2018. Deseamos aquello que vemos cada día, que decía el Dr. Lecter. Después de generaciones
siendo los espectadores de otros, en la última década hemos disfrutado del goce enorme de ser
nosotros los leídos y observados por los demás. En nuestro cotidiano consumo mediático hemos
reemplazado el estar informados por sentirnos cohesionados. A partir de ahí, las fake news solo
tienen que entrar donde saben que serán bien recibidas.
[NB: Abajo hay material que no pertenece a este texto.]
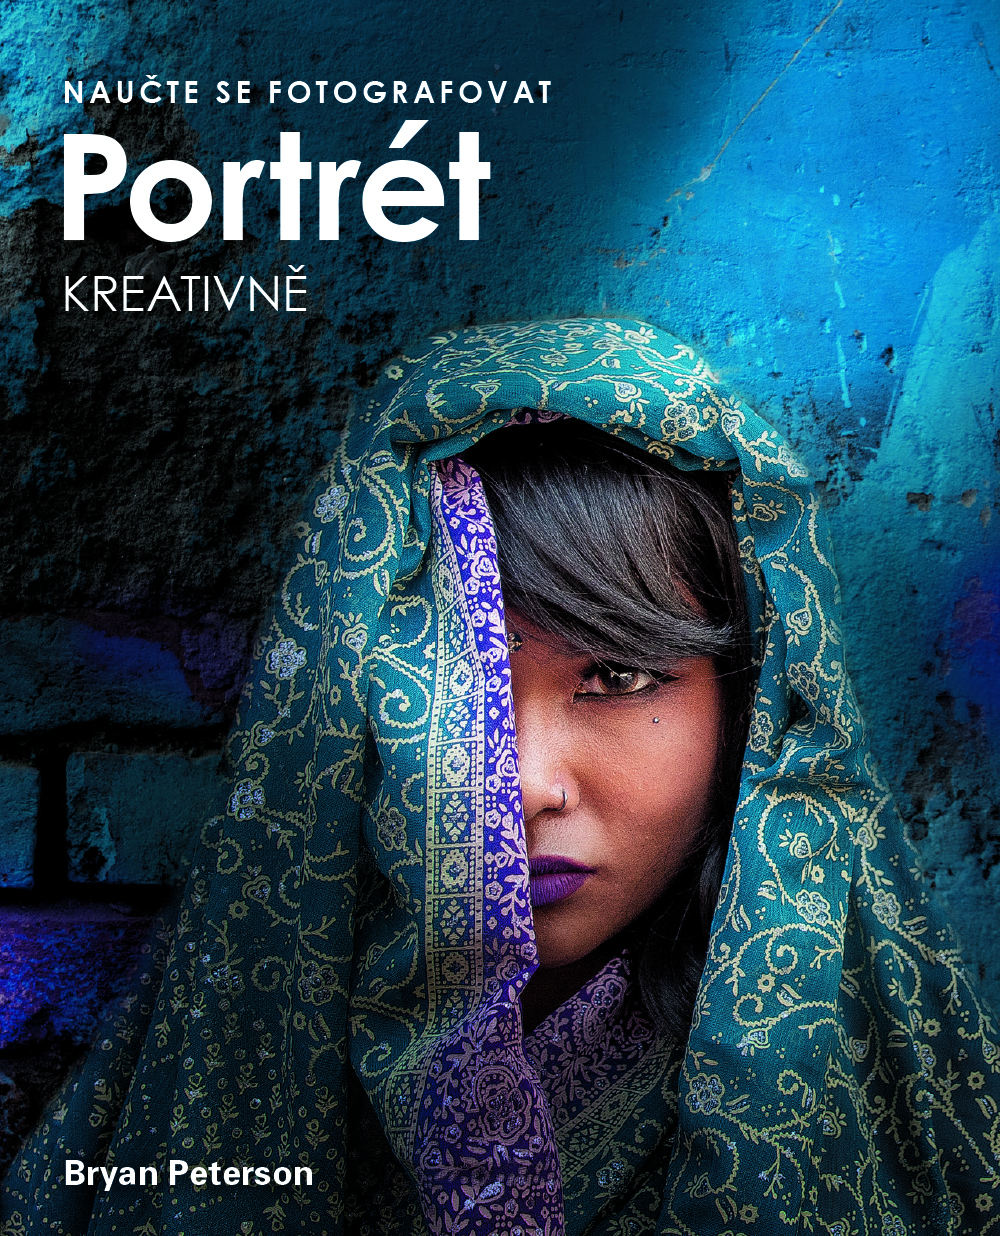 Bryan Peterson – Naučte se fotografovat portrét kreativně

Cada contenido que llega a nuestro móvil, a nuestra pantalla, no lo sometemos ya, por tanto, al
escrutinio de su autenticidad sino de su utilidad para atraer la atención de los demás. Los hoax, las
fake news, las fotos que retocamos, las historias que “vivimos”, los “followers” que compramos, los
“éxitos” que publicamos hacen de combustible y ni su origen ni su verdad nos preocupan tanto
como declaramos en voz alta. Más de un 80% de la gente dice que las fake news representan una
grave amenaza para la democracia. La encuesta no revela (no sabemos si llega a preguntar) cuál es
el porcentaje de los que se preocupan por averiguar si el contenido que comparten y comentan es o
no fake. Como tampoco debe de ser fácil de medir, ni de preguntar y mucho menos de contestar en
qué medida nuestros perfiles sociales están llenos de verdades que solo lo son a medias.
EPÍLOGO

En Matrix los humanos tienen la imagen que les gustaría tener, y no la que tienen en realidad. En
Minority Report se retrata un hampa dedicada a proveer de identidades offline que permitan escapar
del control total de cámaras y sensores. Una sociedad que ha descubierto las satisfacciones del fake
difícilmente aceptará volver a la cruda y sincera realidad. Por un lado, es de esperar que en algún
momento aflore una nueva economía de la desconfianza. Por ejemplo, Uma Thurman sometiendo a
una prueba de ADN un pelo de Ethan Hawke en Gattaca para estar segura de que él es quien dice
ser. En contraposición, es previsible que surja una industria que ofrezca la posibilidad de escapar de
nuestra propia ilusión; de vendernos una dosis para regresar por tanto tiempo como nuestro crédito
se pueda permitir a una realidad real, desconectada; de borrar o al menos neutralizar nuestra
presencia virtual, de mantener una doble vida en la que poder volver a ser eso que cada vez nos
cuesta más reconocer en la pantalla en la que nos contemplamos: a nosotros mismos.